What has happened since the previous entry? Ashlee didn't last long and I was back in the game. She would pop up again here and there and he would screw me over, but it would last about five minutes until he was back in my arms again. For a solid month or two things were practically perfect between us. The sex was utterly fantastic, I had a permanent smile, and we were attached at the hip anytime neither of us were at work. I hadn't been this happy in years. Since Sean, probably. As you may remember, I used to be this crazy, insecure, reserved person about myself and especially my body. After meeting Robert, I'm still crazy, but he opened me up to all these new experiences and I learned a few about myself. I'll never begin to describe how thankful I am for that. We even eventually decided to move in together starting Feb 1st. (Separate bedrooms with other roommates, but still. We were close.)

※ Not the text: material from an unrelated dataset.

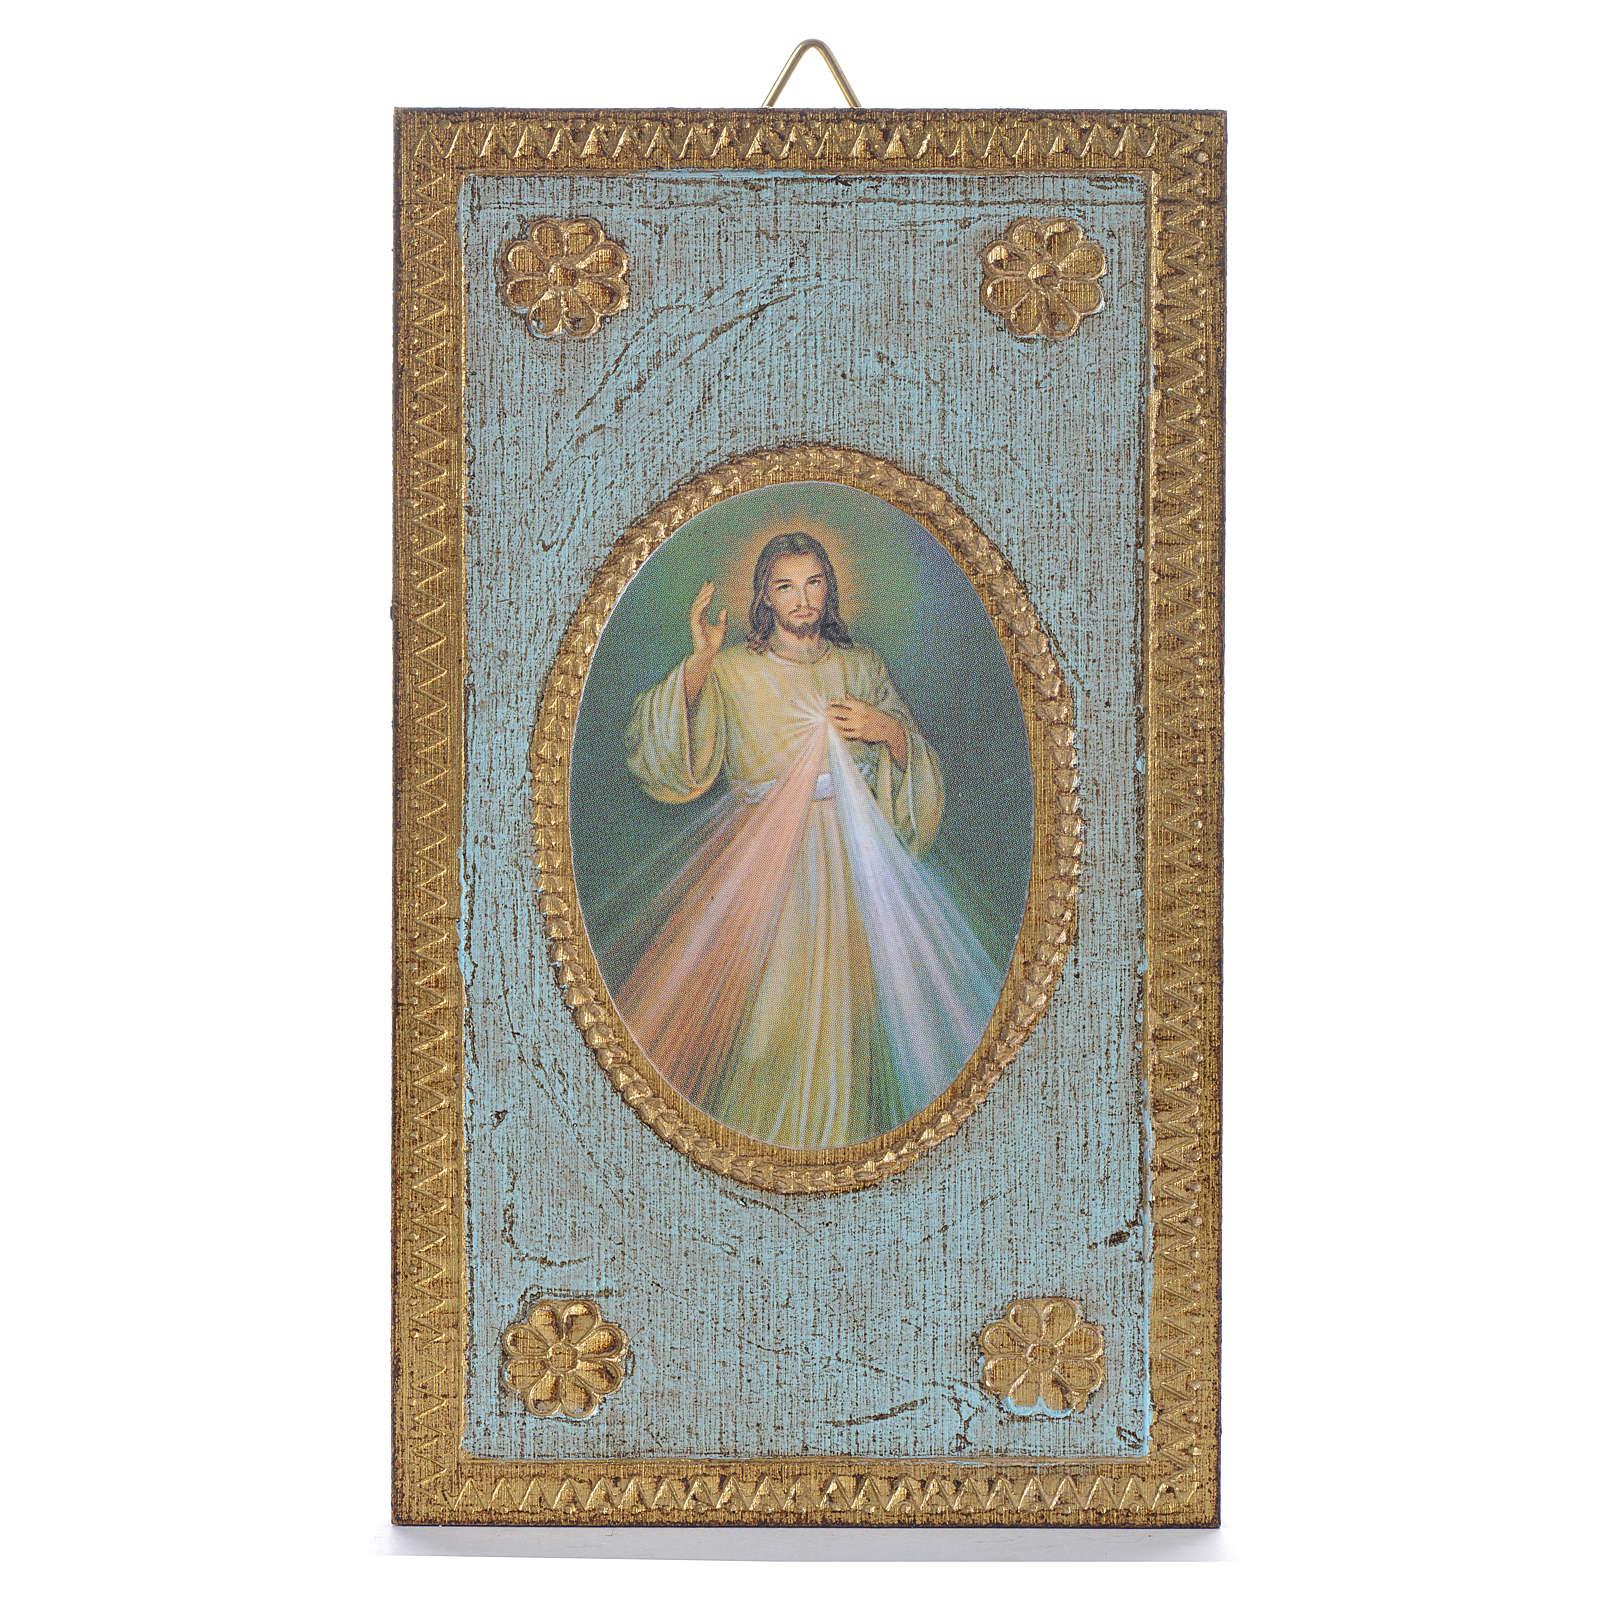 Estampa sobre madera 12,5 x 7,5 cm Divina Misericordia 3
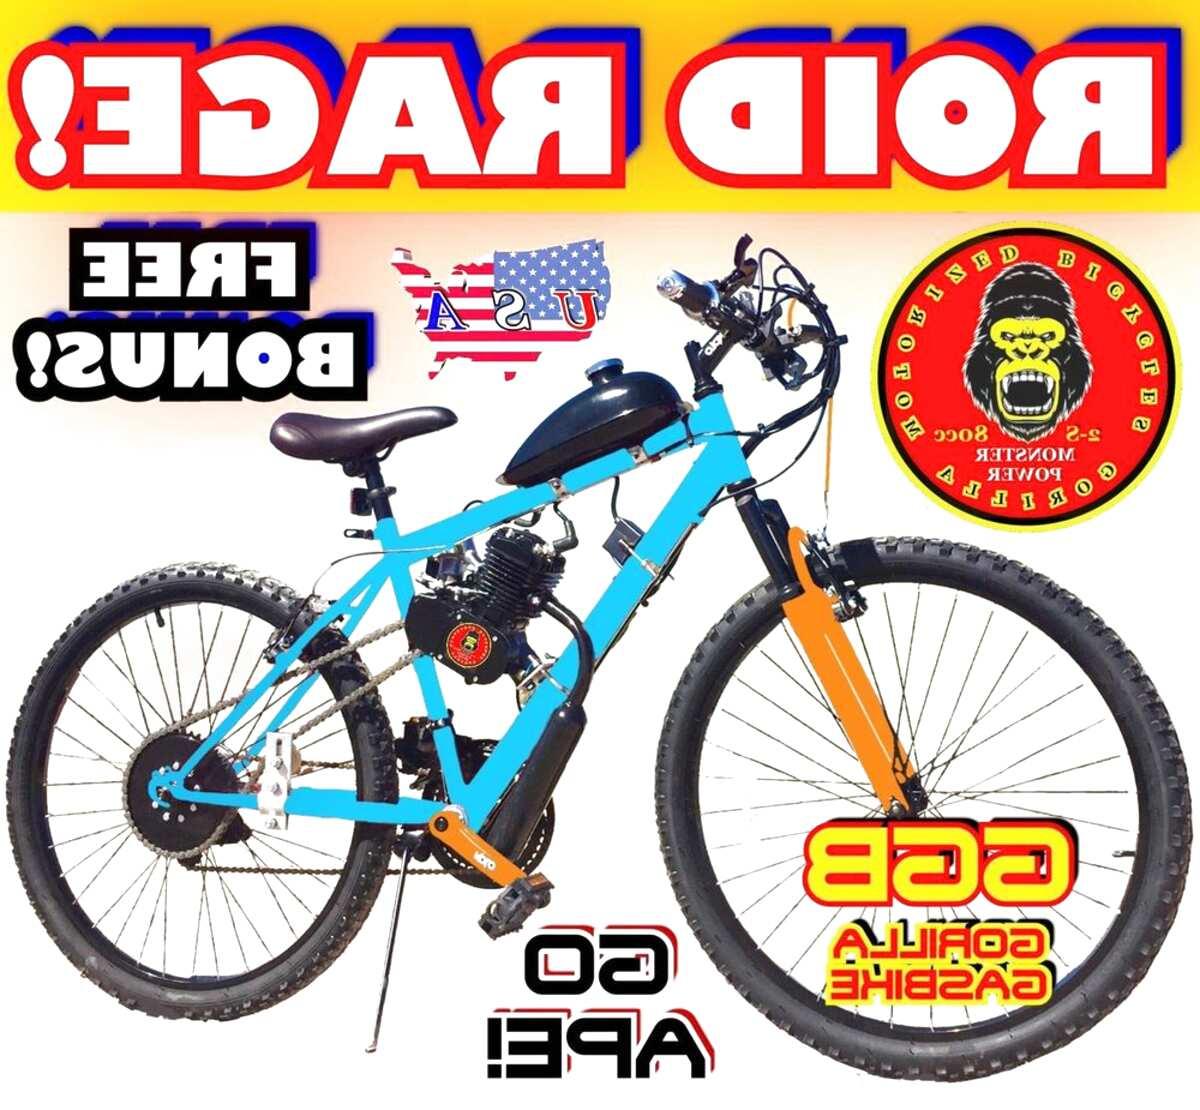 QAZAKY 415-110L Chain 49cc 50cc 60cc 66cc 80cc 2-Stroke Engines Motor Motorized Bicycle Bike 415 110L

Somehow, he deluded me into believing he felt a fraction amount of the same about me as I felt for him...
I went over. There wasn't so much "packing" as "riding his weiner". And he continued comforting me. He is done with her, shes a crazy bitch, etc. I can only tell you the amount of times he's told me and the other roomies how glad he is to finally move so she can't stalk his ass anymore. Imagine my God damned surprise when he let her help us move.
Just for the record, can we maybe get a head count of exactly how many times he promised me everything would be ok? And I mean, that's just in those 2 days worth of texts there. He's been repeating that mantra to me over and over again for weeks and I wanted so hard to believe him. Even the night before when we were having sex and she called up at 5:00 am bitching why my car was in his driveway and he made me pretend that I was sleeping on the couch in case she came inside... I put up with all that bull shit. Because I loved him and figured this was better than nothing at all.
AND THEN. Literally 15 minutes after that last text message, I walked in on them making out on the couch. In my living room. Not even trying to hide it.
I didn't say a word, just simply stormed out and went straight to Justin's house. I don't know why people give drunk revenge sex the bad wrap that it gets.